Yes, it will grow back.

I do not have a coated GSD, but I have a coated mix similar to a GSD. We adopted him when he was 1.5 yrs and he came with the "lion cut" (back end, legs, and tail SHAVED) because his previous owners neglected grooming. He looked ridiculous for so long, but it all grew back.

I have developed my own ways of grooming him because the groomers just want to shave him or cut it all off.

Ears - I trim along the edges to "shape" the ear (note: my dog has floppy ears). Then I use the thinning shears to shorten the hair on and around the ears. I brush REALLY well behind the ears (gets matted there) and sometimes just trim that hair really short. There is so much you cannot tell if I cut a lot out right behind the ears.

Breast - If left alone, he gets a lion's mane, lol! I just use thinning shears until I like the length. He gets a tad bit of a "skirt" towards the lower part of his chest/breast so I may trim that off with a regular scissor and then use thinning shears to blend.

Front legs - He gets LONG feathering on his legs. I like a little bit of it (don't want it shaved right to his leg), so I trim it with a scissor and then use thinning shears to blend/thin out.

Privates (underside) - If I had a shaver, this is the part I would shave.

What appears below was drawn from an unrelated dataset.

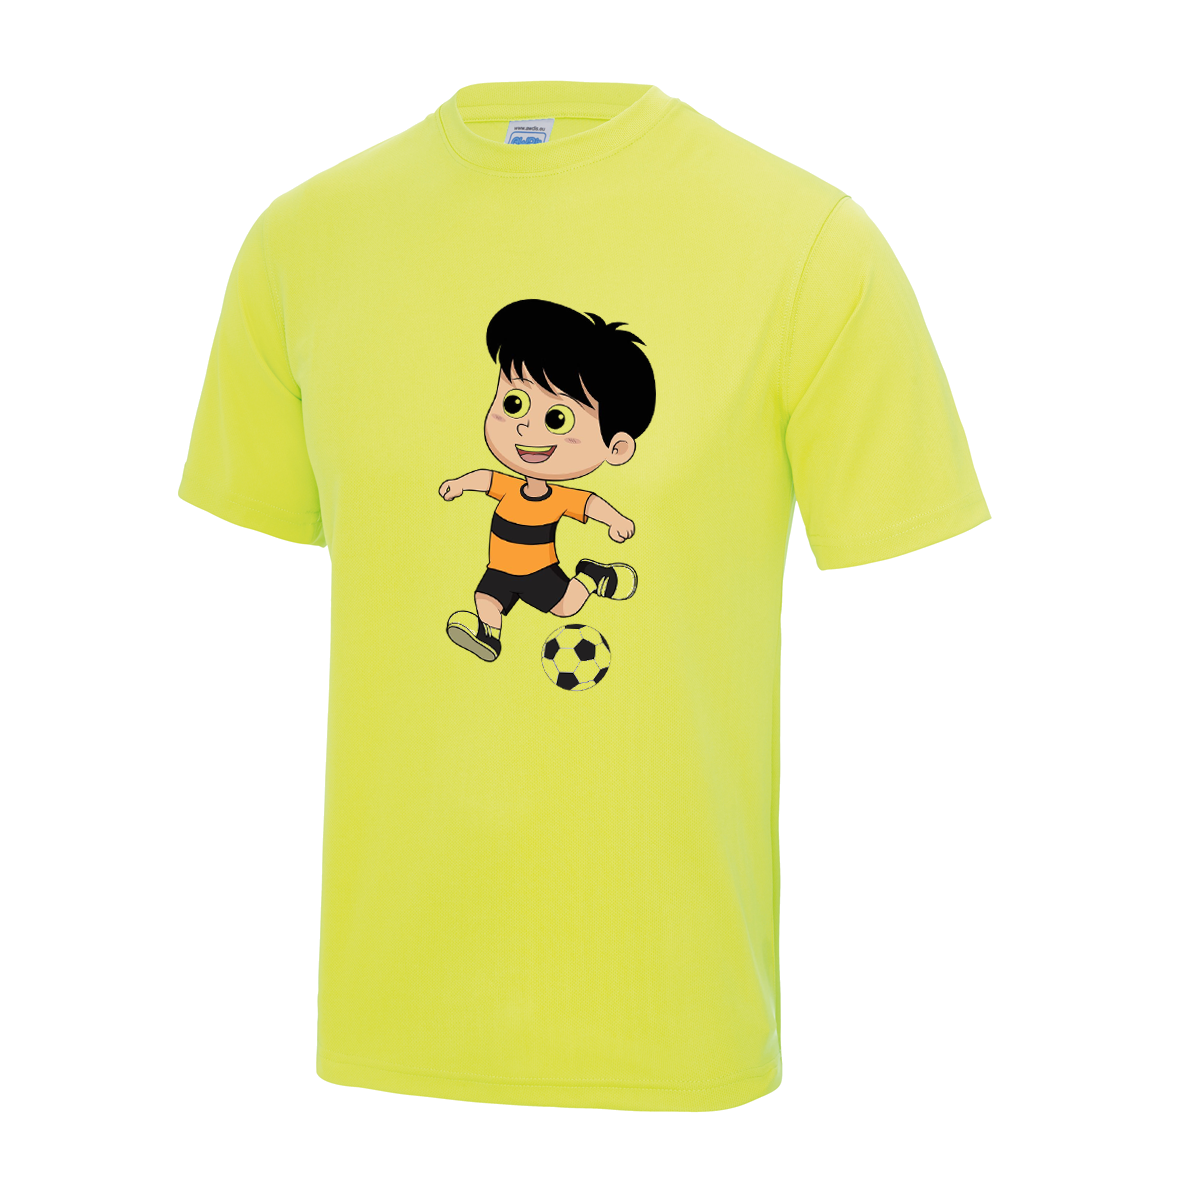 Kinder T Shirt mit Junge der Fußball spielt 104 - 158

But I don't, so to keep him cool and avoid mats, I roll him on his back and basically hack off all hair from his penis on back. Luckily he is neutered, so I don't have to worry about bumping/cutting anything else! The hair back here is so long, it gets matted and he hates being brushed here. It's easier and cooler to chop it off, and you cannot see it.

"Pants" - the fluff on the butt and the rear legs I call the "Pants". I kind of like the pants, but not when they are out of control! I generally cut off a lot of pants on the inside (around the privates and inner thigh). Then lightly trim the remaining pants and use thinning shears to trim without a "hacked" look.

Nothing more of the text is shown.